[Start of Attachment]

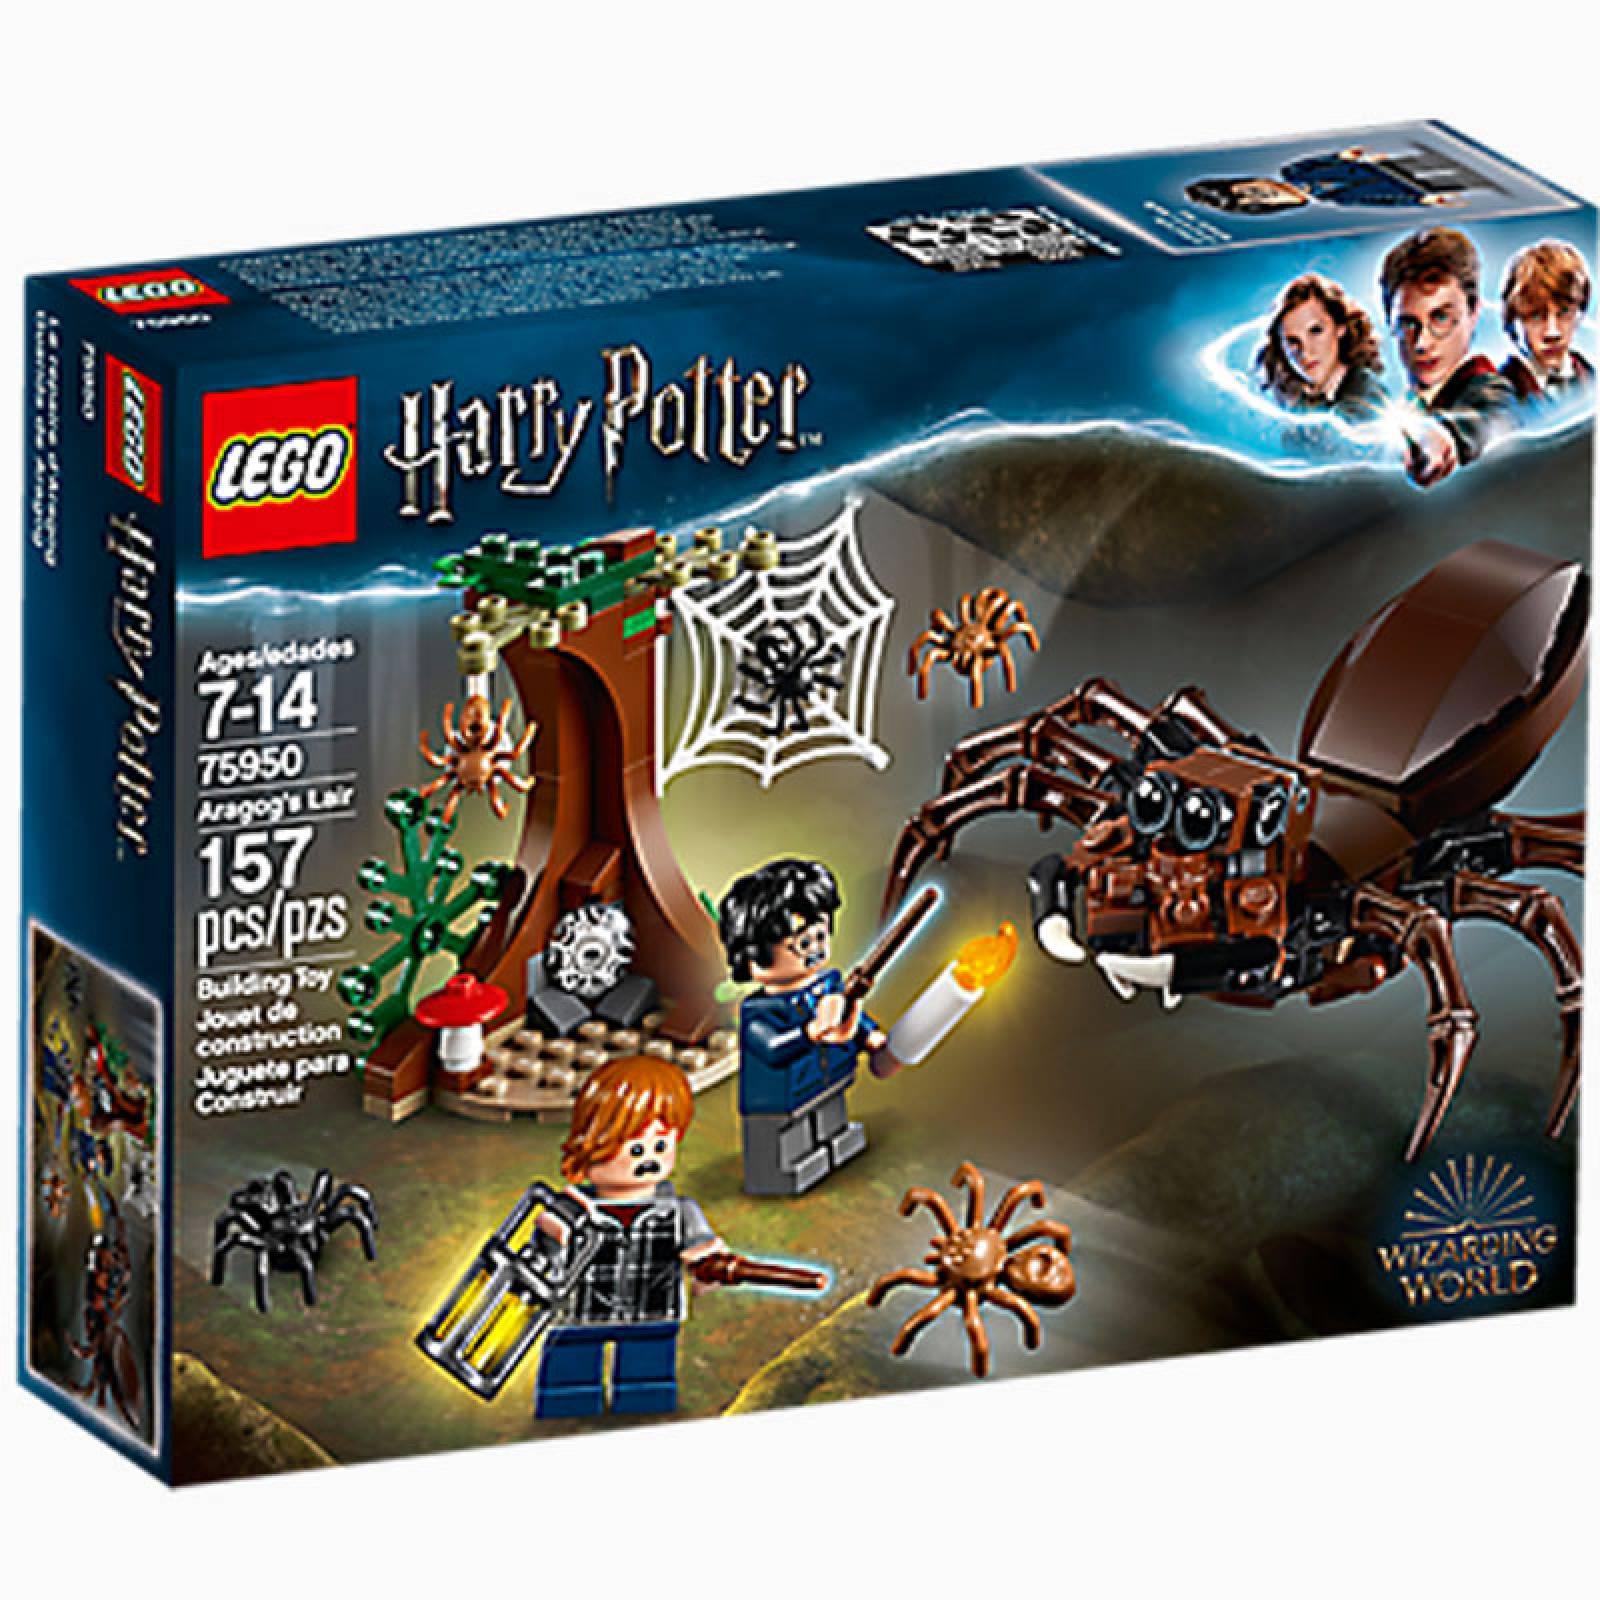 LEGO Harry Potter Aragog's Lair 75950 thumbnails
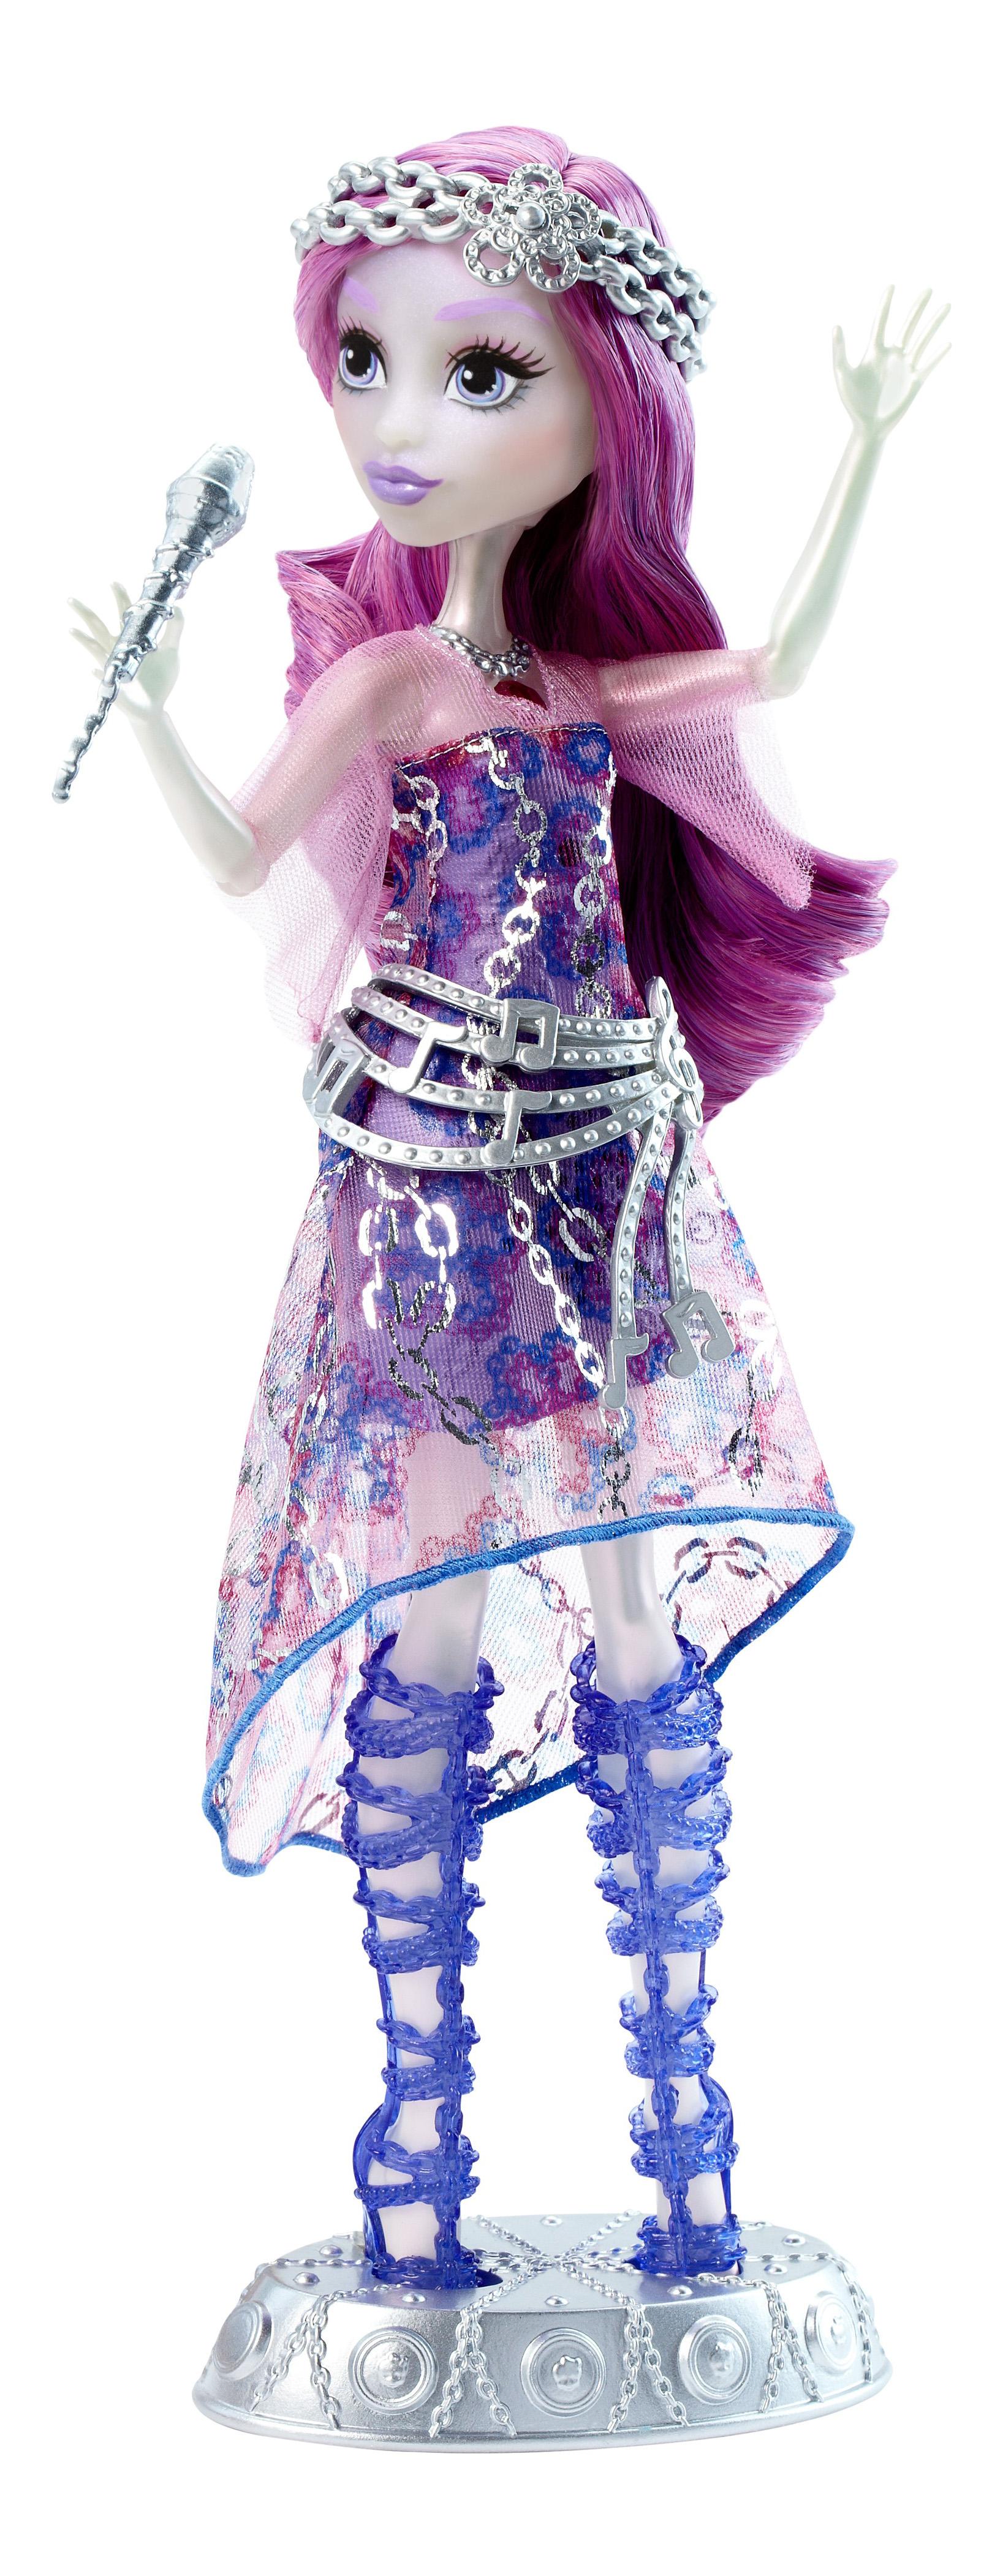 Купить Кукла Monster High Поющая спектра, Куклы Monster High
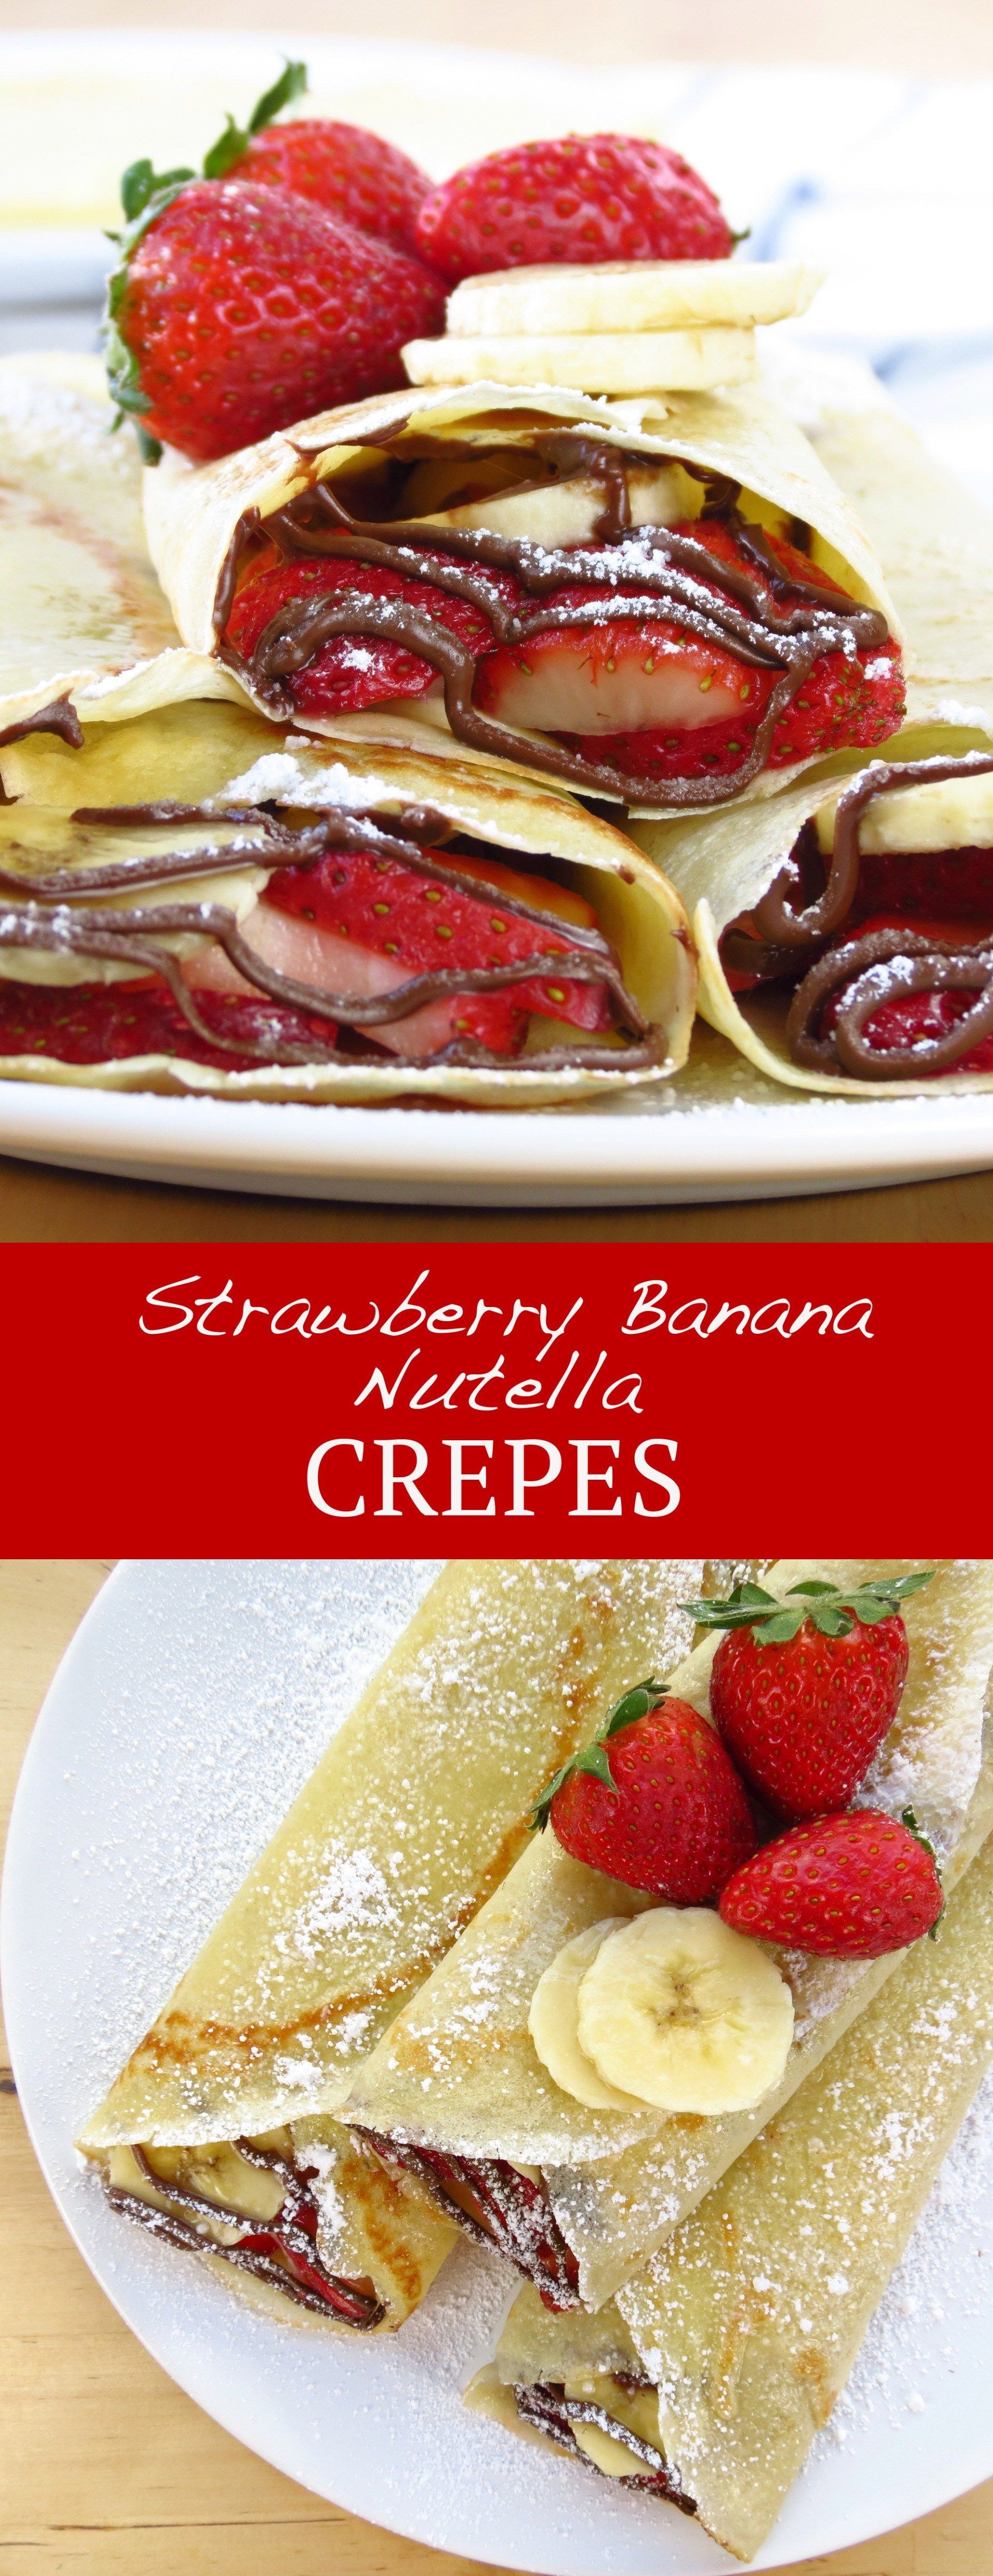 Strawberry Banana Nutella Crepes | Recipe | Nutella crepes ...

[End of Attachment]

Work instructions:
An exact copy of the listing above, minus its pictures, is what is needed here.

Answer section:
 LEGO Harry Potter Aragog's Lair 75950 thumbnails
 Купить Кукла Monster High Поющая спектра, Куклы Monster High
 Strawberry Banana Nutella Crepes | Recipe | Nutella crepes ...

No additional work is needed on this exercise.